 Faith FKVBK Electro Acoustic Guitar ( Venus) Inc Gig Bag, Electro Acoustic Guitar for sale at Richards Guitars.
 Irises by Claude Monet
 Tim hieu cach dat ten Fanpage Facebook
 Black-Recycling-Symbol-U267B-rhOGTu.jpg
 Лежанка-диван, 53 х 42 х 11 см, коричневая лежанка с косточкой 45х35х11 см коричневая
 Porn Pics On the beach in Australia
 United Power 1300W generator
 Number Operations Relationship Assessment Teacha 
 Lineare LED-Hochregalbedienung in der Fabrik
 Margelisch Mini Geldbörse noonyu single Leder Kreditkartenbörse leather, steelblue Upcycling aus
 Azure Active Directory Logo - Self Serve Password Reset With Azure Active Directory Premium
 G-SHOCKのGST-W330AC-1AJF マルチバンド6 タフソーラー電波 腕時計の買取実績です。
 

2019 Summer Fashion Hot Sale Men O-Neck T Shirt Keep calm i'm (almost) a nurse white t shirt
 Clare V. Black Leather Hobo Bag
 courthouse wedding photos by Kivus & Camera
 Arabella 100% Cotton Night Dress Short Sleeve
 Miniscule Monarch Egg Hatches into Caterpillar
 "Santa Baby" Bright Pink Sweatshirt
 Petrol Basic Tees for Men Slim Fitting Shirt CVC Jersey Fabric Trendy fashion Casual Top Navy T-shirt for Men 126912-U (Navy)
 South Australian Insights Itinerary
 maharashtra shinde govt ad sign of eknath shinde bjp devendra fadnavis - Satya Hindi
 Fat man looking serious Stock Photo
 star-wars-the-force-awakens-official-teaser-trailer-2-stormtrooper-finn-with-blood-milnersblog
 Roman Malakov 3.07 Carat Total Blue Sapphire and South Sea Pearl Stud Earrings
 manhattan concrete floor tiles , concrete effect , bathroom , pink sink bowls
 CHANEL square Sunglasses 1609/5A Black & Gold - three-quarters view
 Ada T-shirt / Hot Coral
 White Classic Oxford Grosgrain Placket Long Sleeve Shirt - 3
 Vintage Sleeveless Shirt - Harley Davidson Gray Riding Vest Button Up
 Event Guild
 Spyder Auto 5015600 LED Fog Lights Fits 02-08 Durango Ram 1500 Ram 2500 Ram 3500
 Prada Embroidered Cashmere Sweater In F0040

————

Task prompt: Output, from the data above, the lines from the line with "Irises by Claude Monet" to the line with "Bright Pink Sweatshirt" exactly as they stand, both ends included and nothing else.

Expected answer:
 Irises by Claude Monet
 Tim hieu cach dat ten Fanpage Facebook
 Black-Recycling-Symbol-U267B-rhOGTu.jpg
 Лежанка-диван, 53 х 42 х 11 см, коричневая лежанка с косточкой 45х35х11 см коричневая
 Porn Pics On the beach in Australia
 United Power 1300W generator
 Number Operations Relationship Assessment Teacha 
 Lineare LED-Hochregalbedienung in der Fabrik
 Margelisch Mini Geldbörse noonyu single Leder Kreditkartenbörse leather, steelblue Upcycling aus
 Azure Active Directory Logo - Self Serve Password Reset With Azure Active Directory Premium
 G-SHOCKのGST-W330AC-1AJF マルチバンド6 タフソーラー電波 腕時計の買取実績です。
 

2019 Summer Fashion Hot Sale Men O-Neck T Shirt Keep calm i'm (almost) a nurse white t shirt
 Clare V. Black Leather Hobo Bag
 courthouse wedding photos by Kivus & Camera
 Arabella 100% Cotton Night Dress Short Sleeve
 Miniscule Monarch Egg Hatches into Caterpillar
 "Santa Baby" Bright Pink Sweatshirt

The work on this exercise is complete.